#### Data below ####
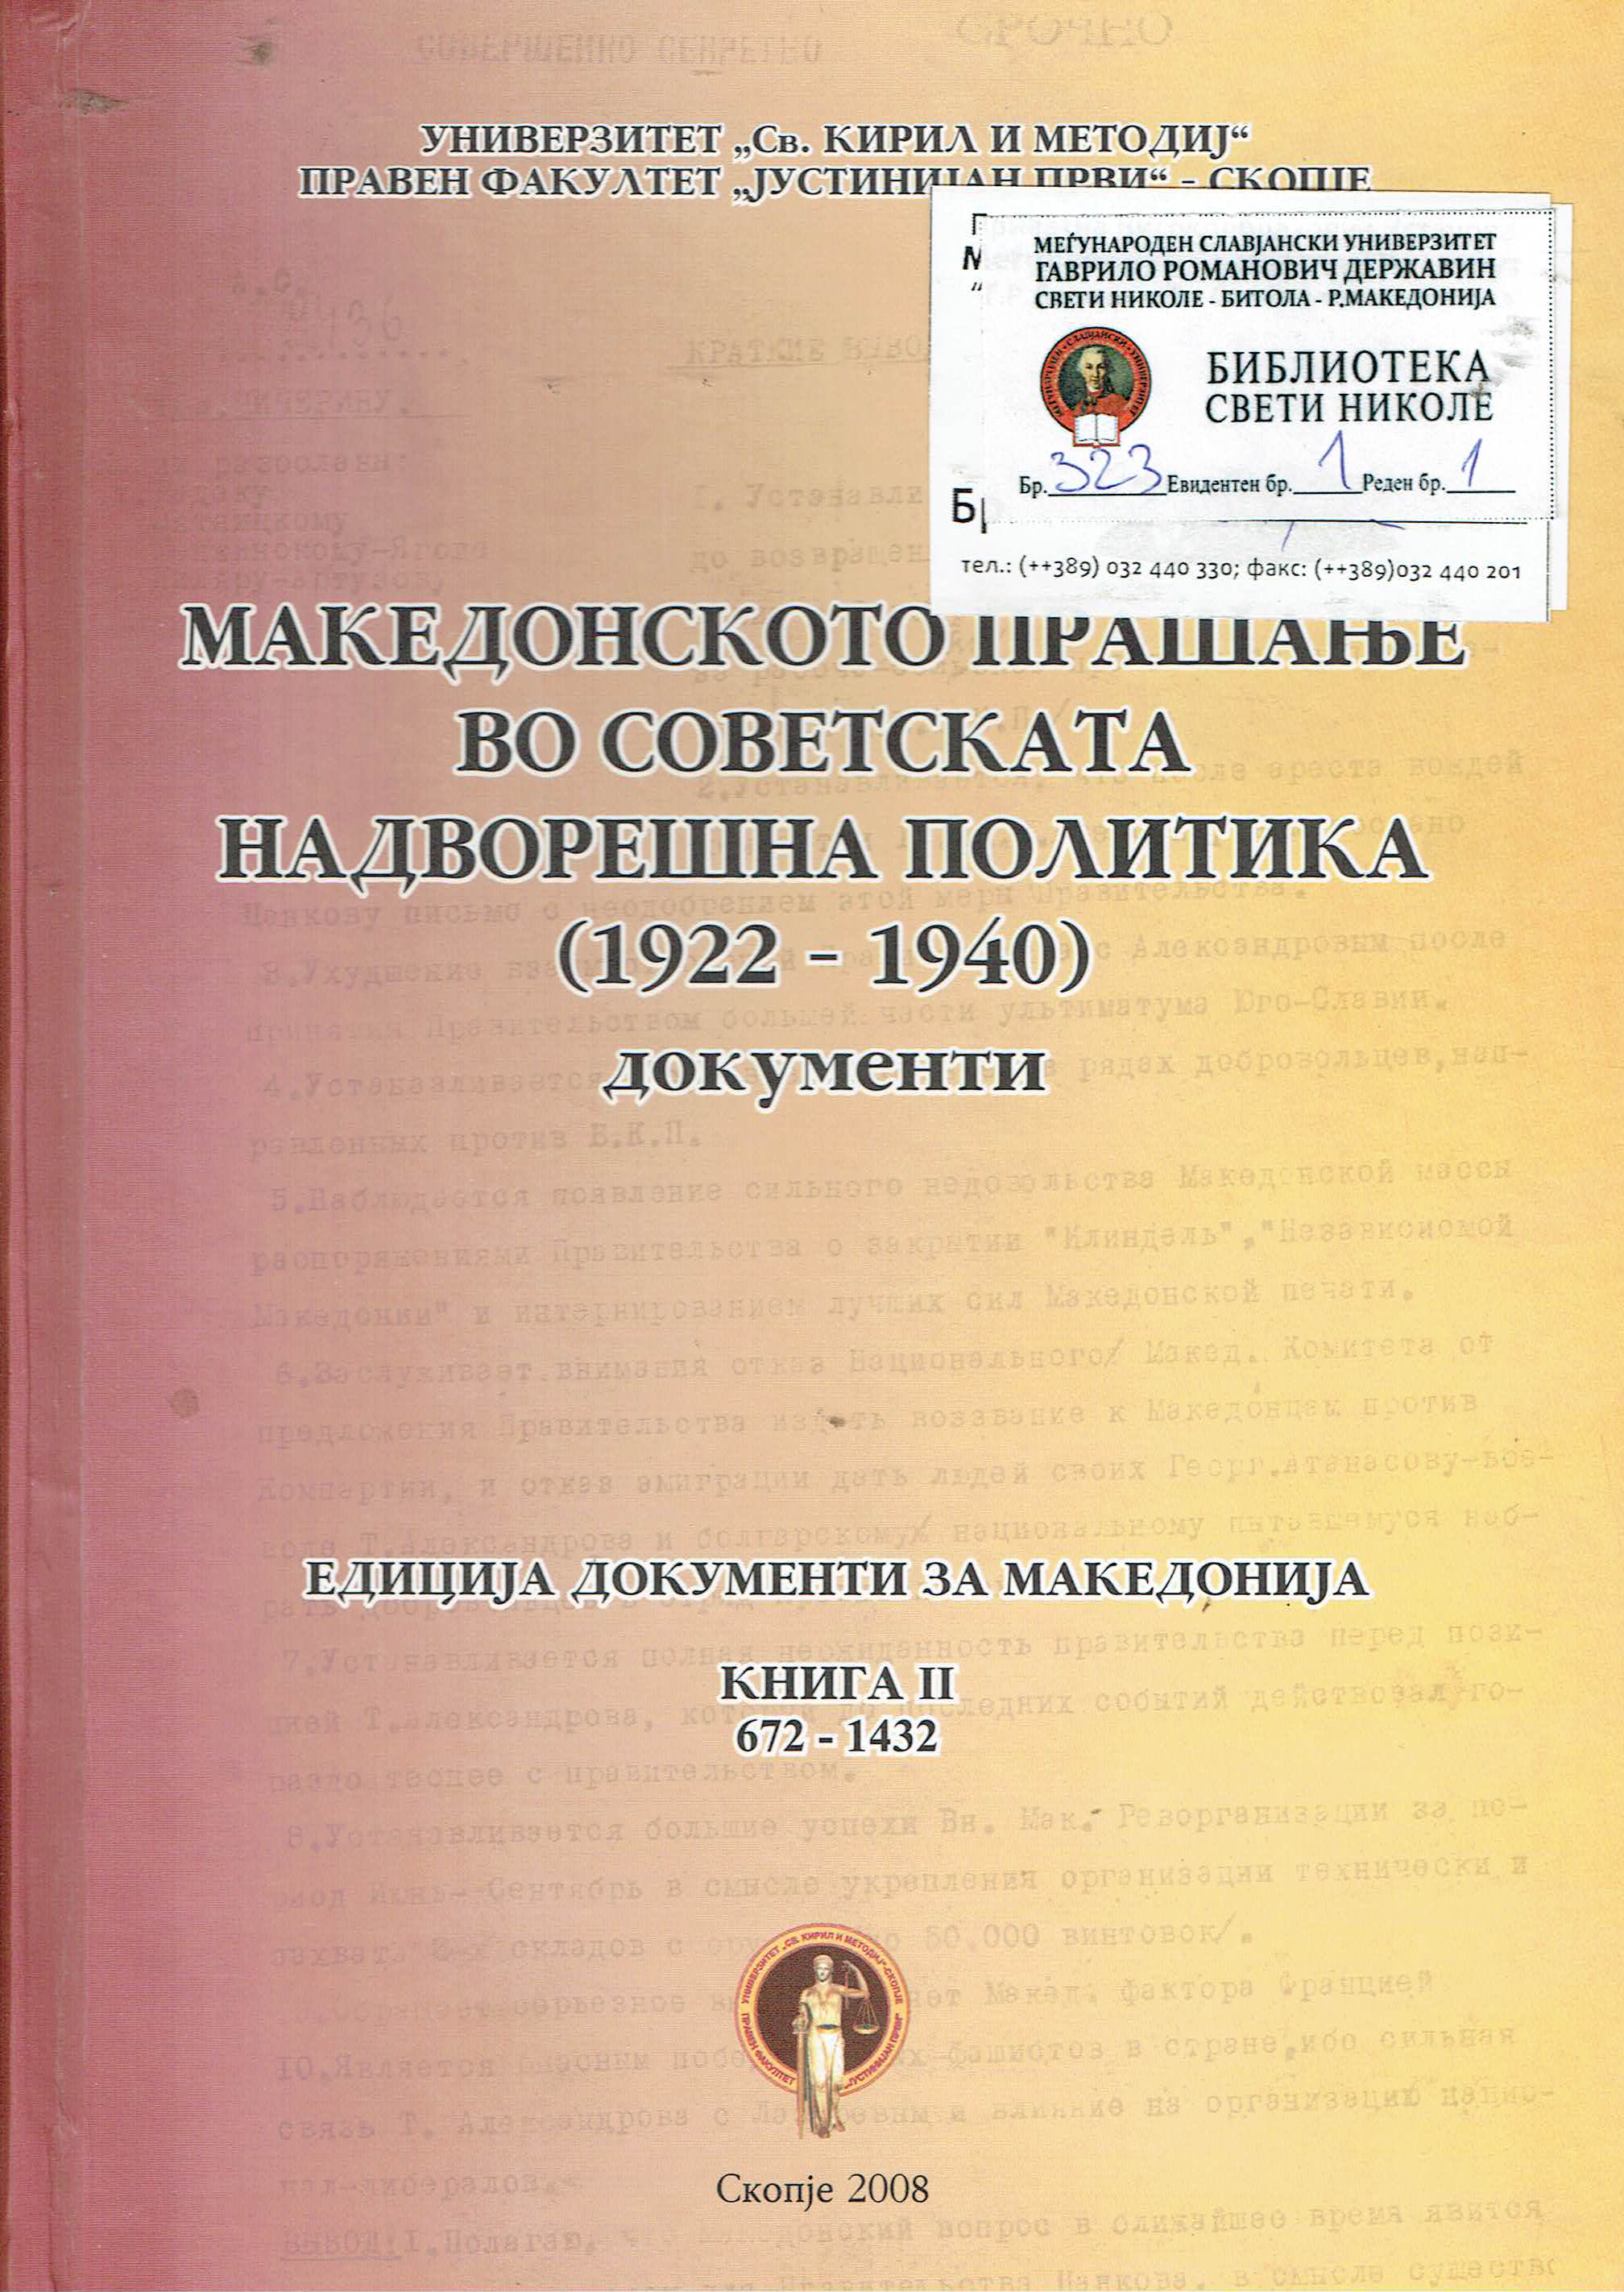 Македонското прашање во Советската надворешна политика (1922 - 1940)
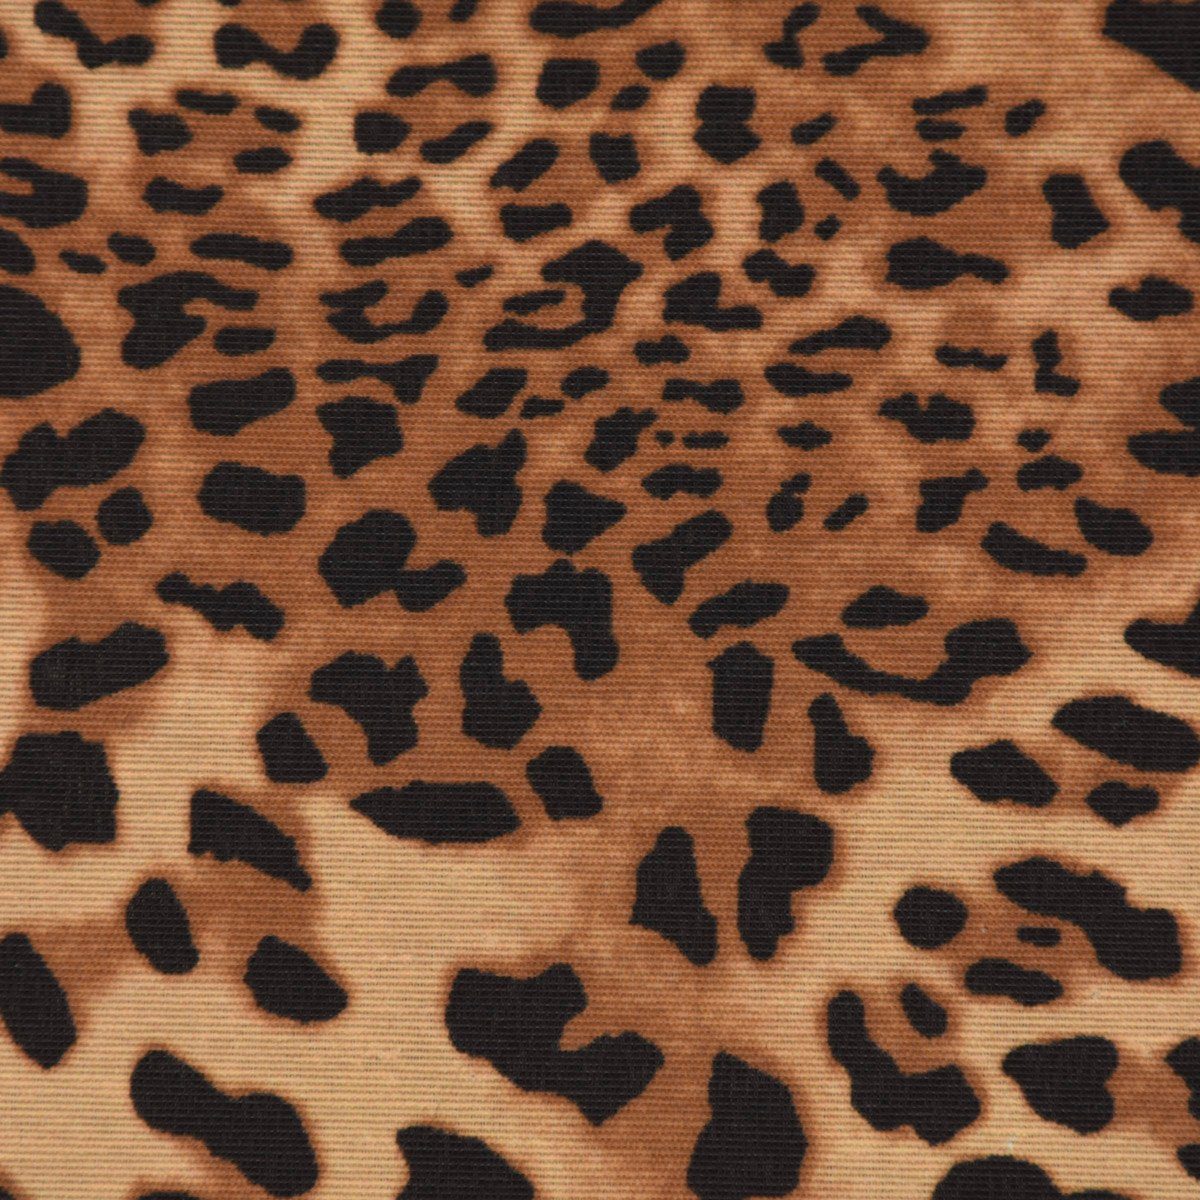 Leopardenhaut Größen braun div. Dekokissen SCHÖNER LEBEN. SCHÖNER Kissenhülle Leo-Skin LEBEN.
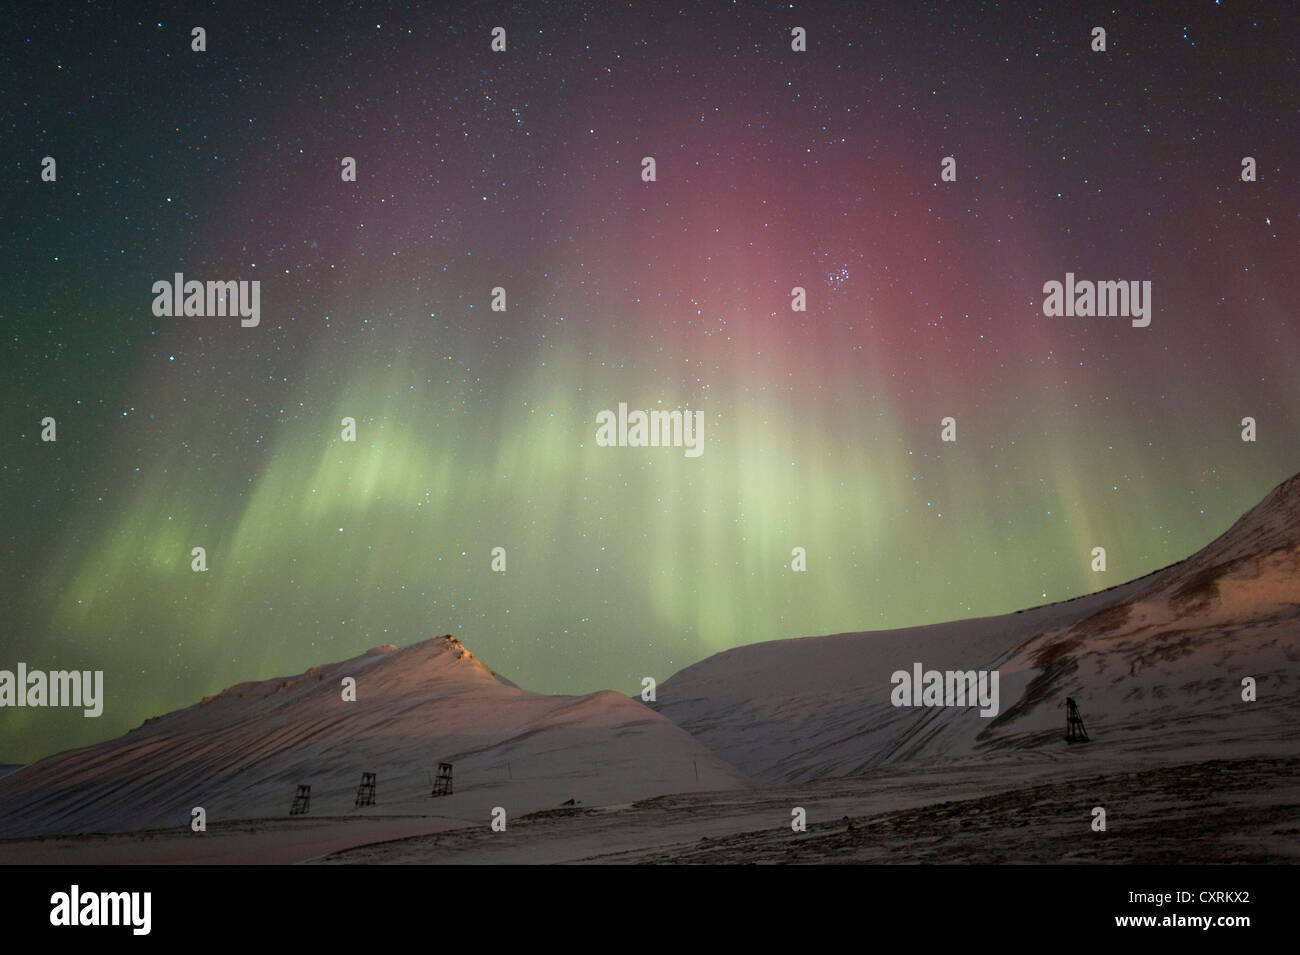 Grünes und rotes Polarlicht, Nordlicht, Aurora Borealis über eine verschneite Landschaft, Landschaft mit beleuchteten Stockfoto
####
▸ **Requirement**
Leaving out only the pictures, return the material above unchanged.

▸ **Finished exercise**
 Македонското прашање во Советската надворешна политика (1922 - 1940)
 Leopardenhaut Größen braun div. Dekokissen SCHÖNER LEBEN. SCHÖNER Kissenhülle Leo-Skin LEBEN.
 Grünes und rotes Polarlicht, Nordlicht, Aurora Borealis über eine verschneite Landschaft, Landschaft mit beleuchteten Stockfoto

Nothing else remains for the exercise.